Publié par daftworld sur 14 Novembre 2015, 18:00pm

Inter­view – Nico­las Godin, de Air : « Nous ne sommes pas jaloux du succès des Daft Punk… »

« Je suis heureux pour eux »

A 45 ans, la star de la French touch pop-élec­tro prend le large sans Air avec un album solo qui mêle Bach à la bossa nova et au rock expé­ri­men­tal. Visite dans le studio des Sexy Boys.

Après le duo futu­riste, tu as opté pour une plon­gée en soli­taire dans le clas­sique ?

Oui, mais il faut dire que j’ai appris la musique seul en regar­dant la télé : James Bond, Amica­le­ment vôtre… C’est la raison pour laquelle je ne suis pas un excellent musi­cien. Mais bon, plein de bons musi­ciens ne font pas de bons disques.

 

Reprendre des airs de Jean-Sébas­tien Bach te fait un point commun avec, au choix: Maurane ou Sexion d’As­saut?

Je dirais Sexion d’As­saut, parce que je n’ai pas aimé le Prélude de Maurane.

 

Qu’y a-t-il de baroque dans ta vie?

Je suis versaillais, donc : Lully, le clave­cin… J’en ai joué sur le disque, j’adore ! Mais le monde du baroque est très obtus, je me suis fait envoyer chier partout.

 

Obtus et pas très propre, car on ne se lavait pas beau­coup, à cette époque…

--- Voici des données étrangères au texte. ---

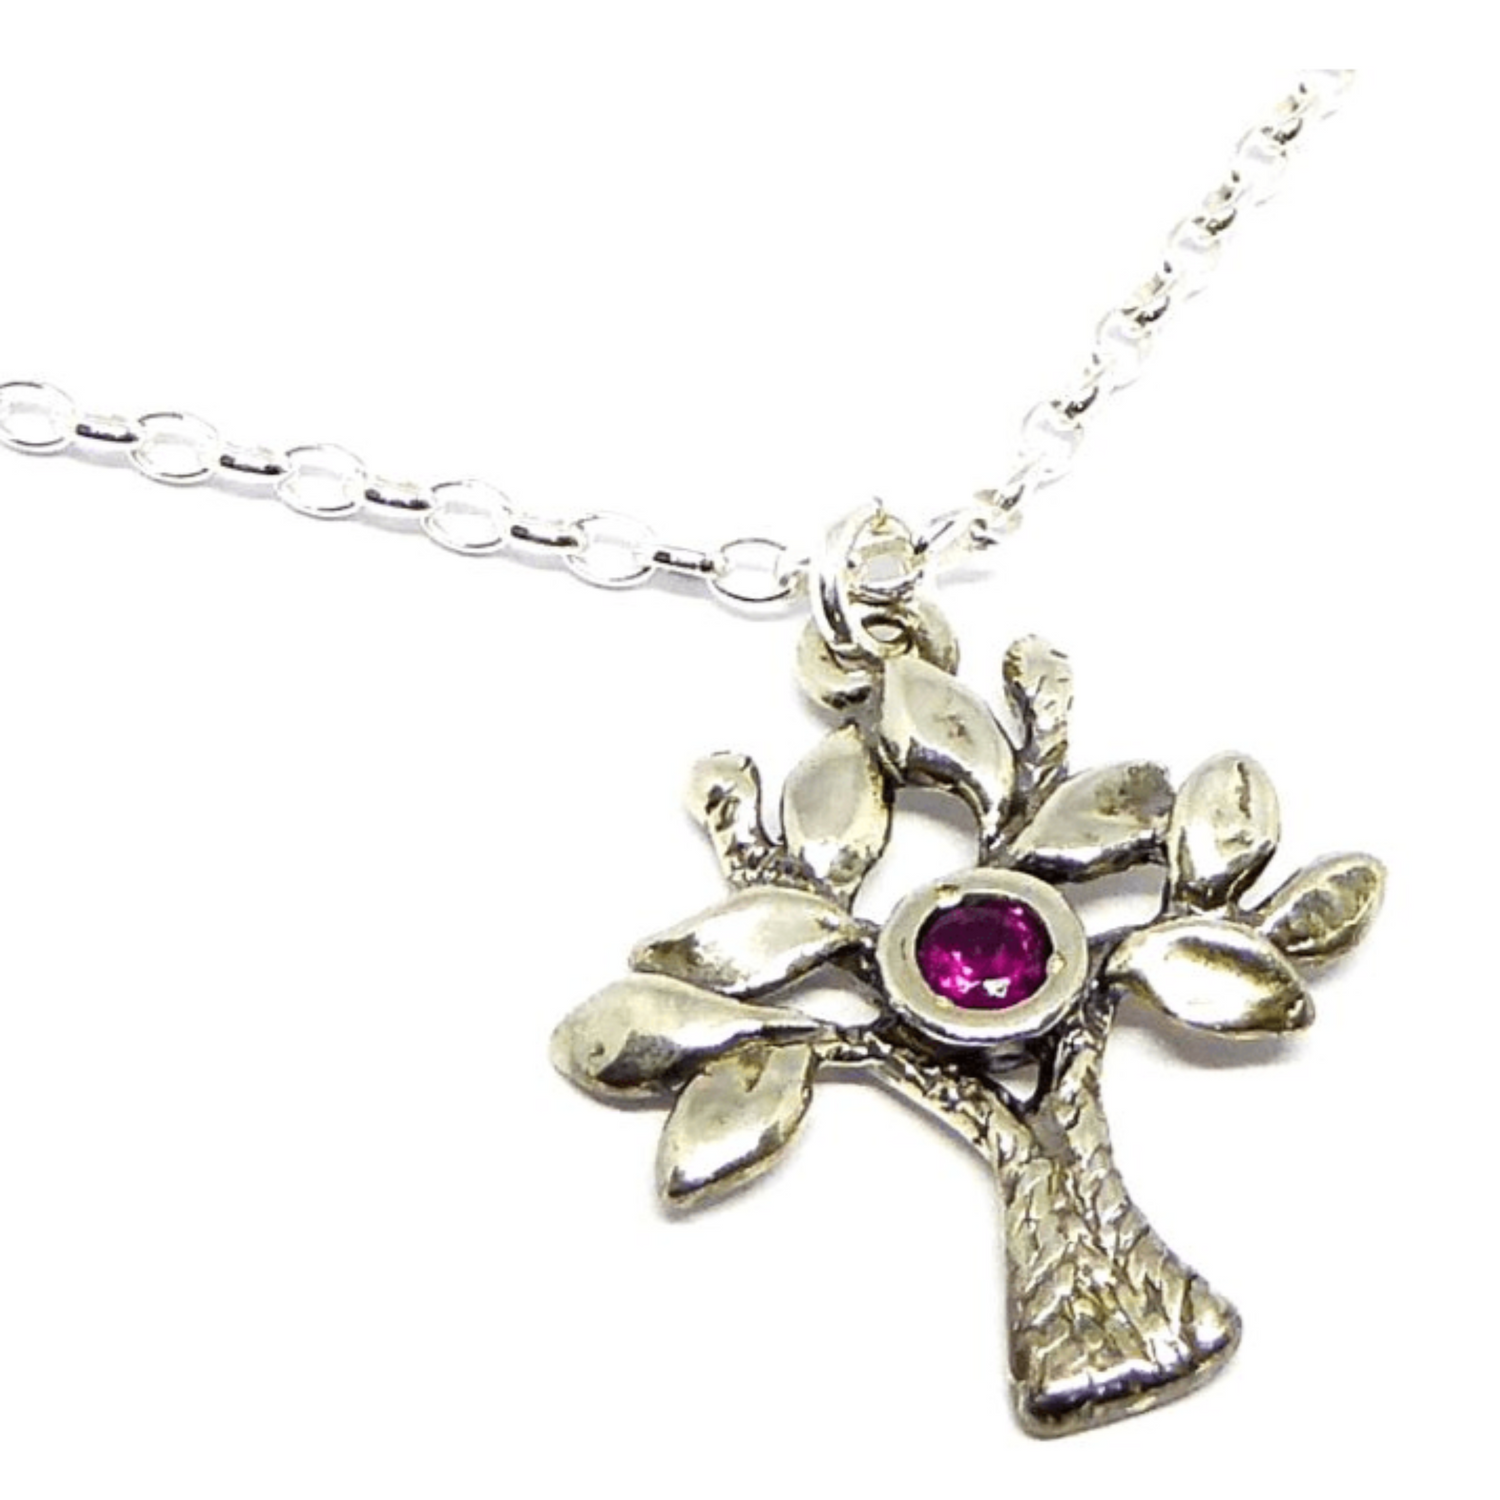 Bluenoemi Jewelry Necklaces sterling silver necklaces made in israel tree of life pendant for woman.

Oui, il y avait même des valets de pisse, les femmes faisaient ça derrière les rideaux. Mon copain Sébas­tien Tellier soutient qu’on se doit d’ho­no­rer une répu­ta­tion de Français un peu crado.

 

C’est comme ça que tu élèves tes enfants ?

Non ! J’ai un fils et une fille qui ont 14 et 16 ans, et je ne sais pas ce que j’ai fait au bon dieu, mais ça se passe très bien. Ils se chamaillent tout le temps. S’ils faisaient un duo, ce serait sans doute du punk.

 

Ta femme est bassiste. Vous parlez de quoi au petit déjeu­ner?

A un moment, on s’est mis à discu­ter de marque d’am­plis, je me suis dit : là, je suis au top, je pour­rais jamais trou­ver mieux. (Rires) En géné­ral, les nanas sortent avec les musi­ciens en s’ima­gi­nant plein de trucs, alors qu’en fait, on est hyper chiants.

 

Tu as bien un petit grain de folie, quelque part ?

Moi, j’ai surtout l’im­pres­sion d’être un vrai papy. Edouard Baer, qui a toujours eu une voix de vieux, a dit à 40 ans : « J’ai enfin le physique de ma voix ! » Moi, je peux dire : « J’ai enfin le physique de mes fringues. »

 

Tu préfères avoir été fait cheva­lier des Arts et Lettres ou avoir passé des soirées avec David Bowie?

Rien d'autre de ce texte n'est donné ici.